Hi professor fossen In your book Handbook of Marine Craft Hydrodynamics and Motion Control (2011) I have some questions

  1. P125 equation (6.76), (6.77) and (6.81), the coefficient maybe should be $2 \pi$ not $8 \pi$ ?
  2. P125 equation (6.78)-(6.80), the coefficient 2 maybe should delete?
  3. P126 figure 6.4, the second figure's legend equation should change into $C^{new}_f=(A_x/S)C_x$ or something. The equation $C^{new}_f=(A_x/S)C^{new}_f$ doesn't make any sense.
  4. P208 equation (8.66), I just want to know how to choose the value of $\delta\omega$ to compute $A_k$? Looking forward to your reply.
cybergalactic commented 1 year ago
  1. Yes, this is a known typo in the book.
  2. The number 2 is coming from (6.70) such that you obtain 2 zeta omega
  3. Yes, you are right
  4. Dividing the wave spectrum into 50 columns is customary. Sometimes 20 works fine. Hence, if you use omega values from 0-2 rad/s to approximate the wave spectrum, we obtain dw = 2/50 = 0.04 for a 50 columns fit.
wtllll commented 1 year ago

 您好,已收到您的邮件,谢谢!

wtllll commented 1 year ago

Thanks for your reply!I'm still confused about questions 2 and 4:

  1. From (6.70), $2\zeta \omega_n=(d+k_d)/m$, and $k_d=m/T=d$, so $2\zeta \omega_n=2d/m$, right? So the coeffecient 2 In equations (6.78)-(6.80) should be cancelled?
  2. In the equation (8.66), it seems that the value of $A_k$ is proportional to the value of dw, should there be a dw in the left side such that $1/2 A_k^2 dw=S(w_k)dw$ ? Moreover, when it comes to a short-crested wave how to choose the value of $d \beta$ ?
cybergalactic commented 1 year ago
  1. You are comparing the following two 2nd-order systems m dv/dt + d v + k x = 0 m ( dv/dt + 2 zeta omega v + k x ) = 0

Hence, d/m = 2 zeta omega.

  1. Equation (8.66) is indeed correct. You can check the famous hydrodynamics textbooks of Faltinsen or Newman for details on this.

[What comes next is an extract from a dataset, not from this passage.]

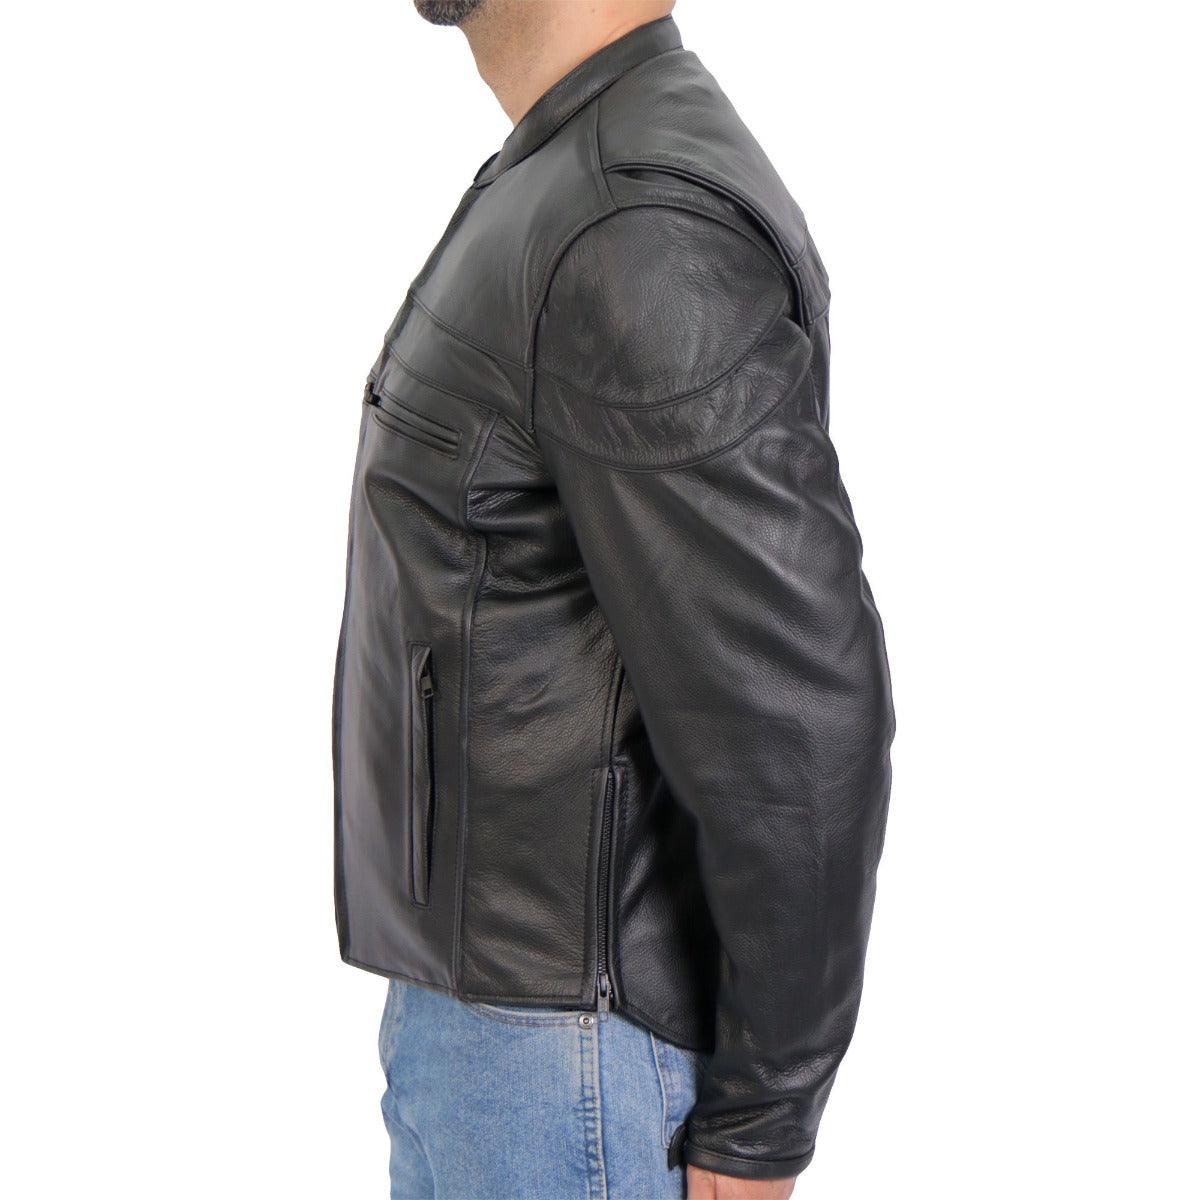 Hot Leathers Skull Flag Lined Carry Conceal Tall Men's Leather Jacket W/ Double Piping - American Legend Rider

By the way, my 2023 lecture notes on the Web are more updated on this topic (less typos). I am not sure how to find the best value for dB since I have not coded this myself. This will be trial and failure, depending on your CPU's speed.

wtllll commented 1 year ago

Thanks! I guess I got it!

  1. Does that mean PD control only works in surge,sway and yaw and does not work in heave,pitch and roll?
  2. If the dw value is large in (8.66), the value of $Ak$ will be large but the number N in the equation (8.67) $\sum\limits{k = 1}^N $ will be small and vise versa. So the sum value in equation (8.67) will keep almost unchanged. Am I right? I have read the lecture notes, but still have trouble understanding these equations.
cybergalactic commented 1 year ago
  1. For marine craft, we use PD or preferably PID in surge, sway, and yaw. These modes do not have a "physical" spring but the P-gain in the control law adds a "virtual" spring such that the closed-loop system is of order 2. Then you can use pole placement with zeta and omega.
  2. The number k = 1,2,...,N are the number of dw you pick. If you dive the wave spectrum into 10 columns you get 10 k-values, one for each column. You compute one A_k for each column (k-value). In (8.67) you sum up your 10 columns using k = 1,2,...,10.
wtllll commented 1 year ago

Ok, I think I fully understand these questions, thanks a lot for your patience answer!